> **Data shown**
************

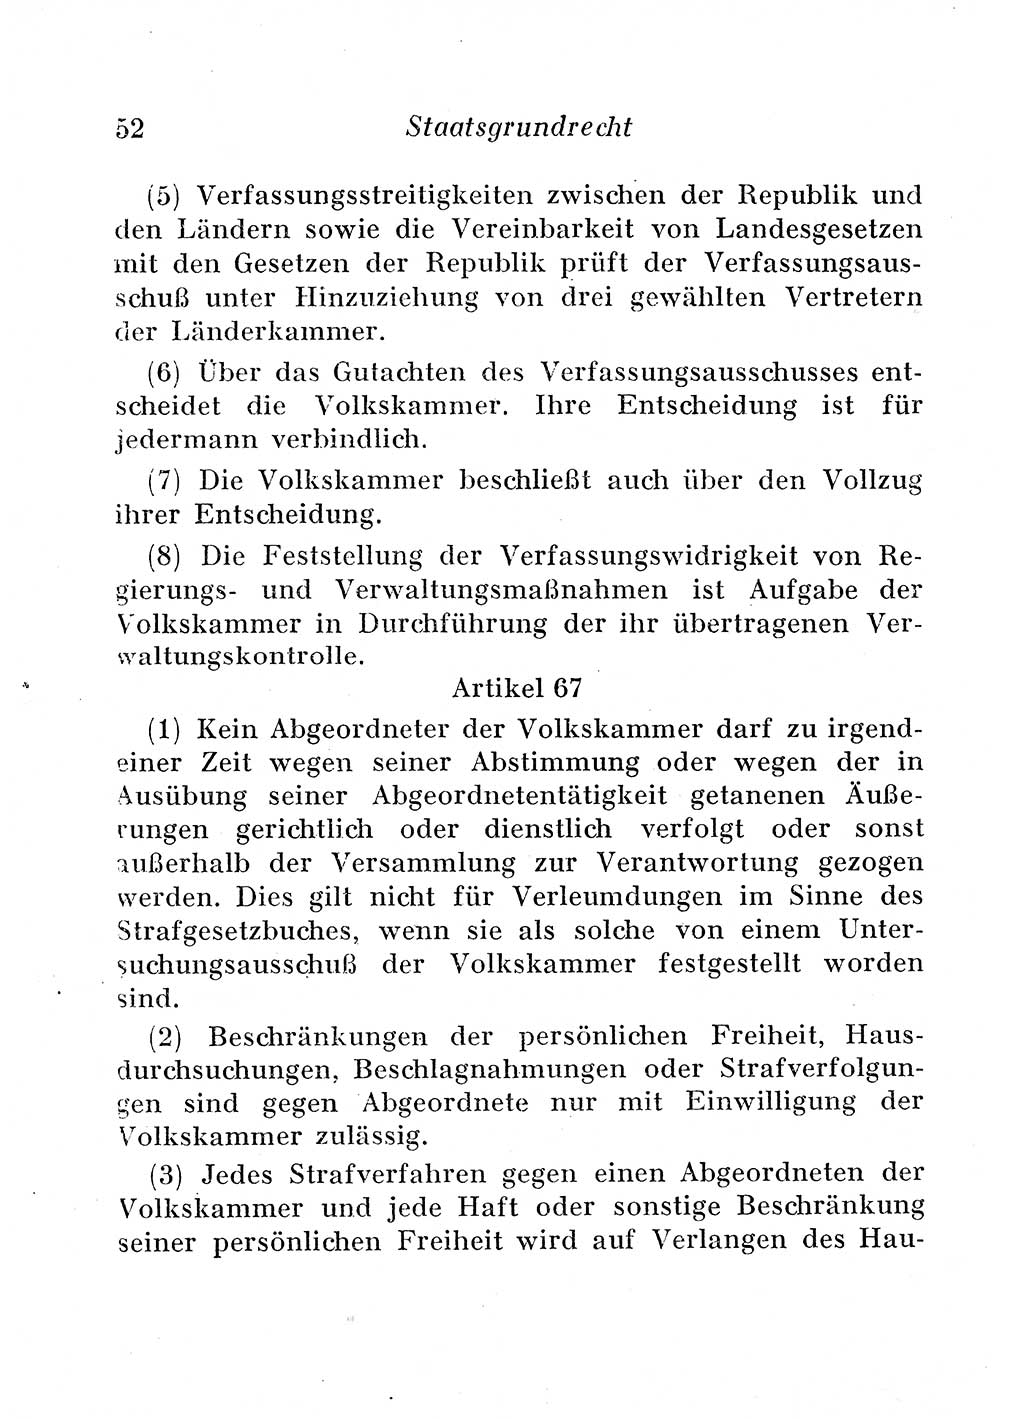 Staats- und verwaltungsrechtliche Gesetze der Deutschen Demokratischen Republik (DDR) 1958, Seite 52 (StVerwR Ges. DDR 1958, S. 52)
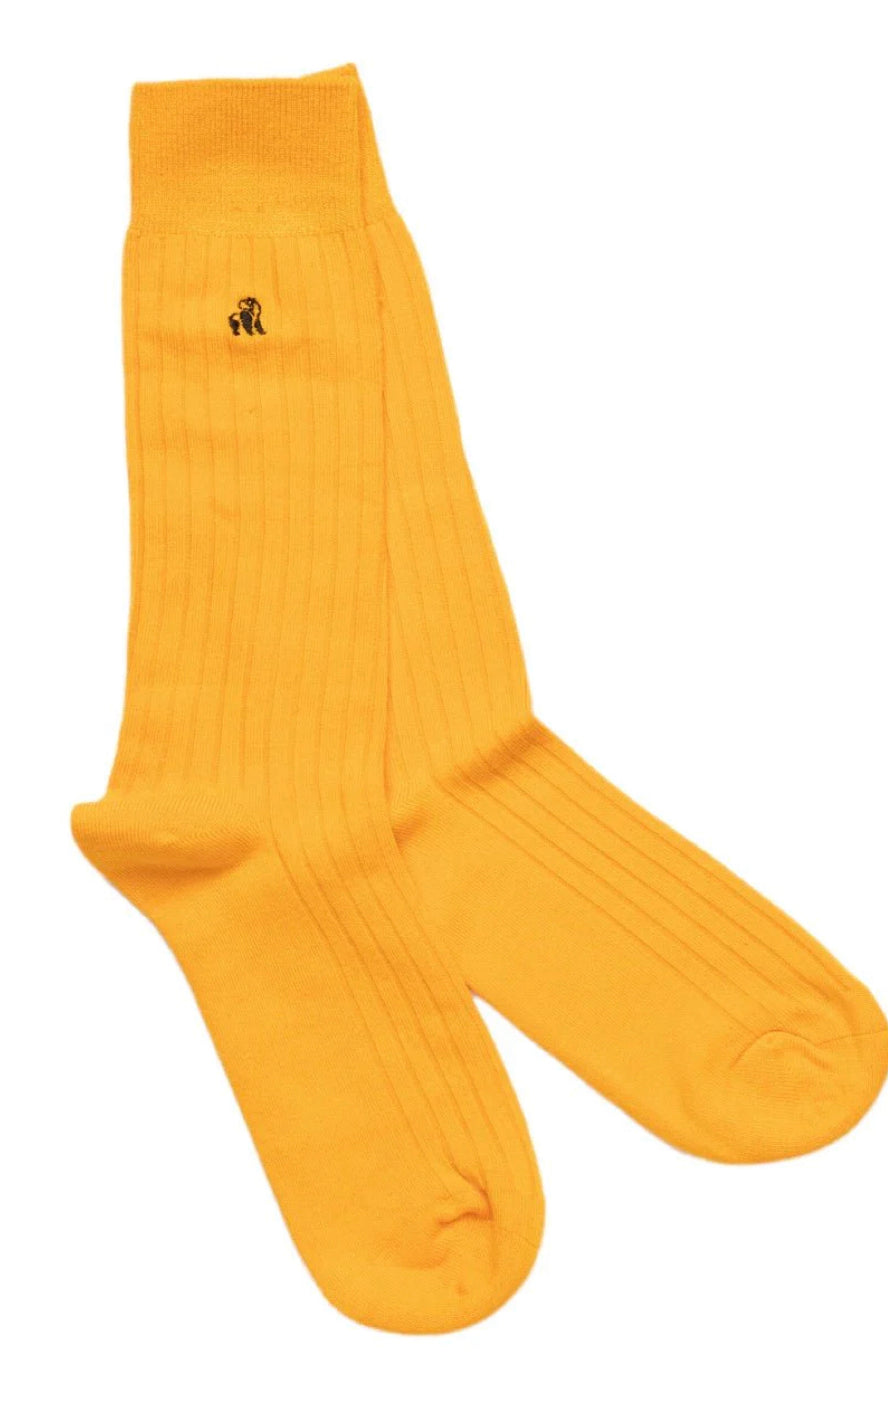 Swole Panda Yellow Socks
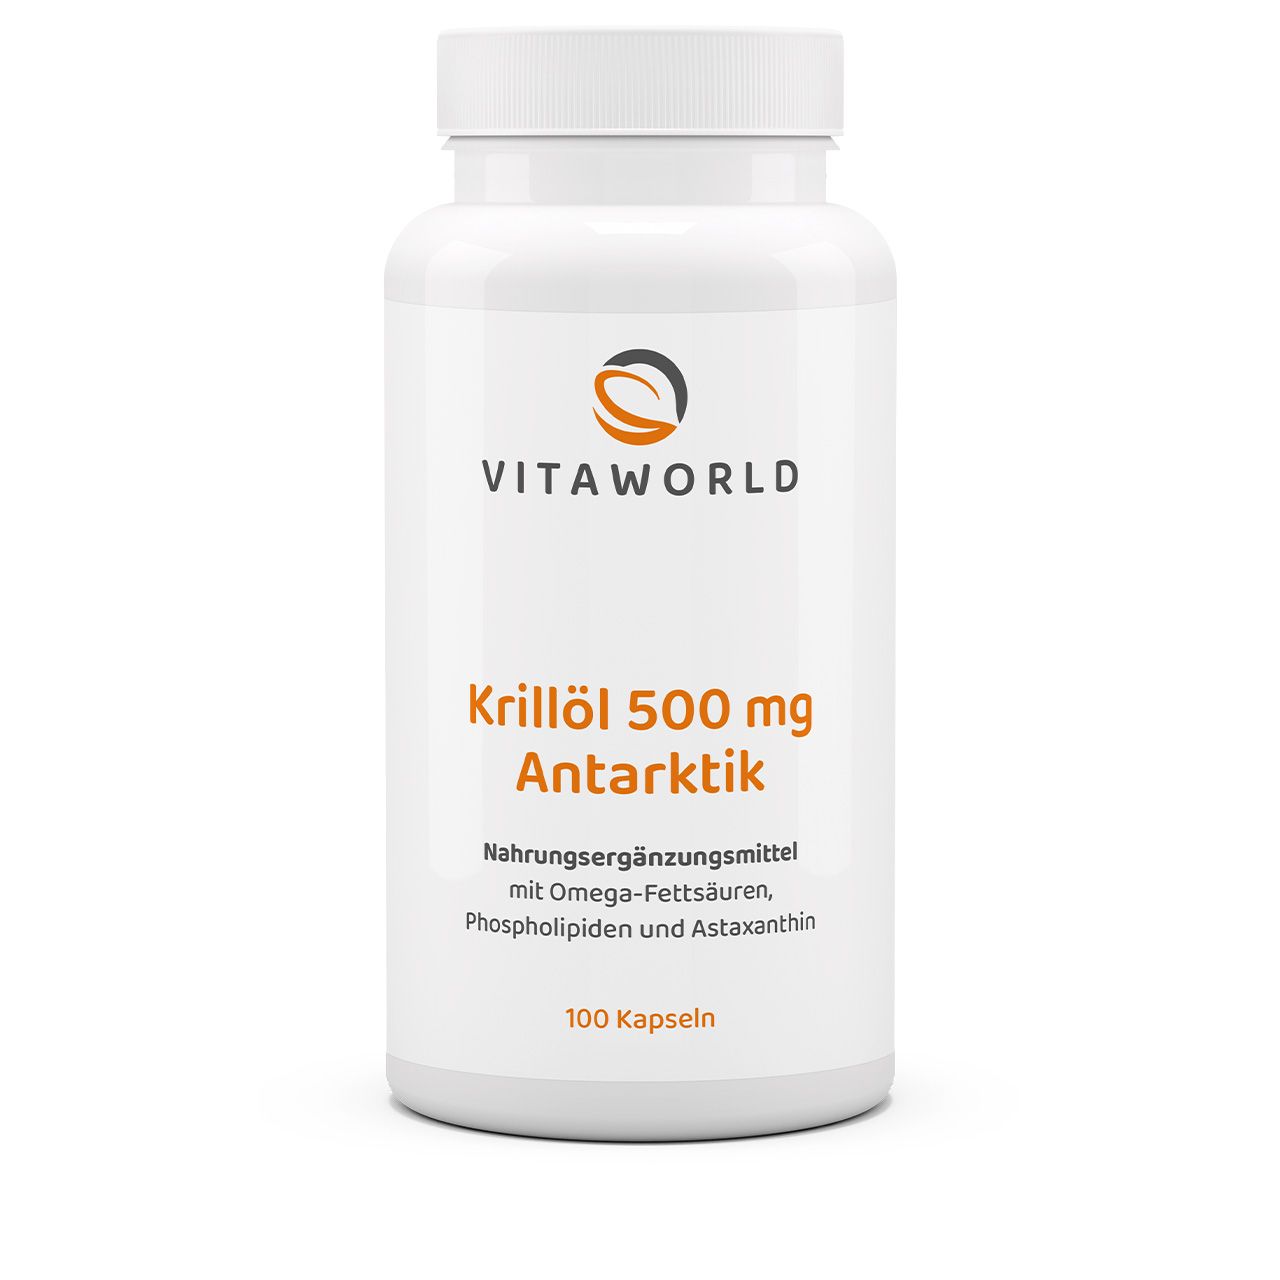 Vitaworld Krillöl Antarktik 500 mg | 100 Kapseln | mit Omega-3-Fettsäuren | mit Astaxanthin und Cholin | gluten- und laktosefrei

************

> **Required work**
Print the material above verbatim, no images.

> **Answer to the exercise**
 Staats- und verwaltungsrechtliche Gesetze der Deutschen Demokratischen Republik (DDR) 1958, Seite 52 (StVerwR Ges. DDR 1958, S. 52)
 Swole Panda Yellow Socks
 Vitaworld Krillöl Antarktik 500 mg | 100 Kapseln | mit Omega-3-Fettsäuren | mit Astaxanthin und Cholin | gluten- und laktosefrei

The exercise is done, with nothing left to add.